OK, I need to do a quick degerming session (the kiddo is sick too) and then I am going back to my bed. I figure 48 hours in this apartment will have to make me feel better. I have to go back to work tomorrow!

Friday, January 20, 2012


"Everything is perfect. 
See, I got right to it this time. I didn't make you wait."
 ~The Wizard, AKA, my oncologist.

He obviously remembered I do not like to make small talk when it comes to appointments where I receive scan results!

Here I am, celebrating with a cupcake,
while waiting for my turn in the Chemo Suite.

I am really exhausted and fighting an upset tummy, but I wanted to post a quick update that both of my scans came back as PERFECT.

Thank God and all of you. I know I could not do this without your love and support.


Defying Gravity

My mom helped check off another item from my non-existent bucket list tonight: Seeing Wicked on Broadway!

I had heard from so many people that it was an amazing musical, but I had no idea just how amazing it would be. The cast was beautiful, beyond talented, and it all seemed so effortless to them. The people in charge of the special effects are just as talented. It really is Amazing. If you have the opportunity to go see it, please do. The Lion King & Chicago had nothing on Wicked. 
It  is that good.

Thursday, January 19, 2012

Ice Skating in Central Park...Check!

Besides the fact that Memorial Sloan Kettering is where most cancer patients on the East Coast want to be, this city is perfect for me. New York City is filled with many, many, many distractions. Perfect!

Driving into the city after landing in Newark.

We found this while walking towards
Central Park.

Ice skating in Central Park
at night,
non-existent bucket list item,

It was magical to skate around, look up, and see the historic buildings around us.
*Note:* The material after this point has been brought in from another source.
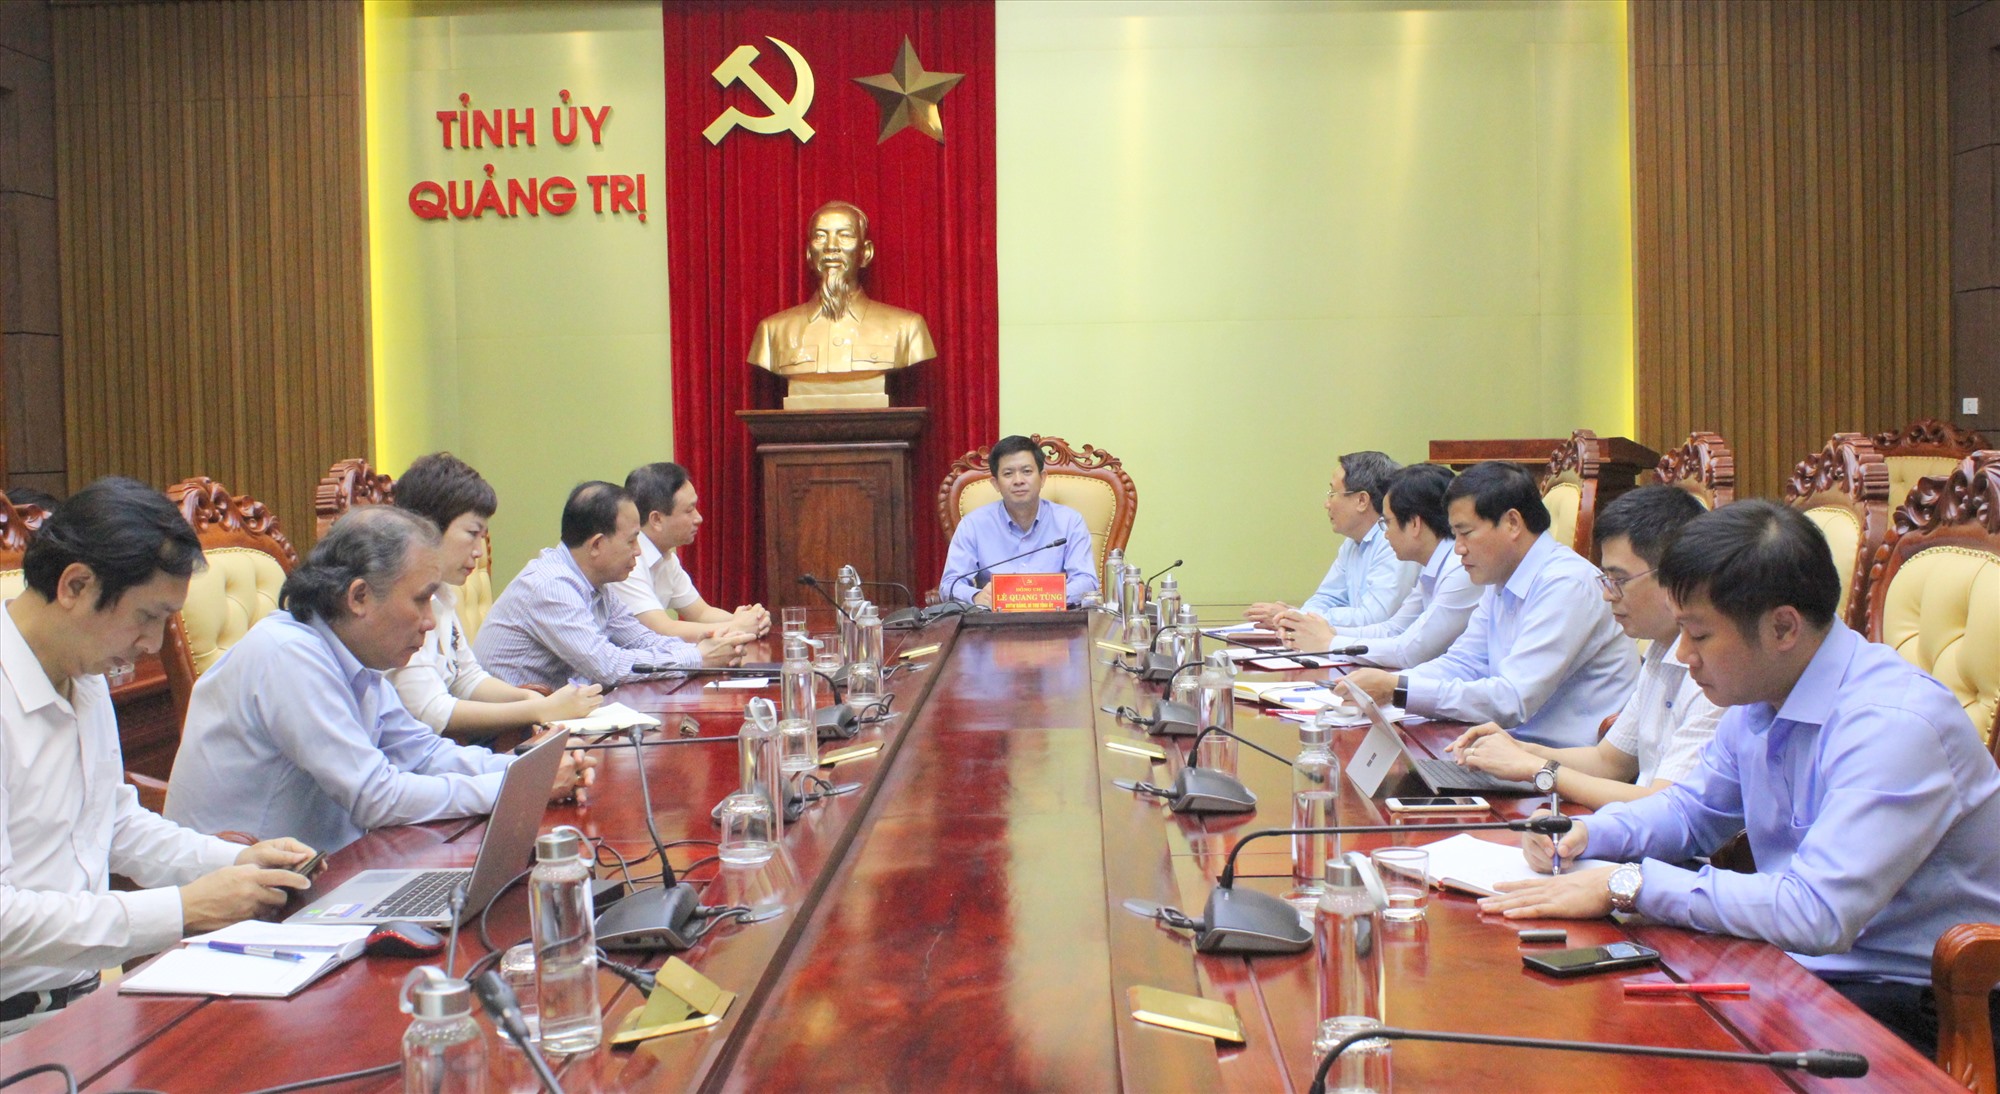 Bí thư Tỉnh ủy Lê Quang Tùng cho biết sẽ tạo điều kiện thuận lợi để các doanh nghiệp quan tâm đầu tư các dự án trọng điểm mang tính động lực vào Quảng Trị - Ảnh: K.S

(And we actually were pretty darn good on skates!)

Now, I am off for for my cocktail & scans.


Please let tomorrow be as good of a day....please.

Wednesday, January 18, 2012

"I Won't Worry My Life Away...."

It's Travel Day for this melanoma diva. I woke up early because I could not sleep--anyone surprised?--and I have worked myself into a nice little panic. Now I remember why NYC is the perfect city for me: plenty of distractions!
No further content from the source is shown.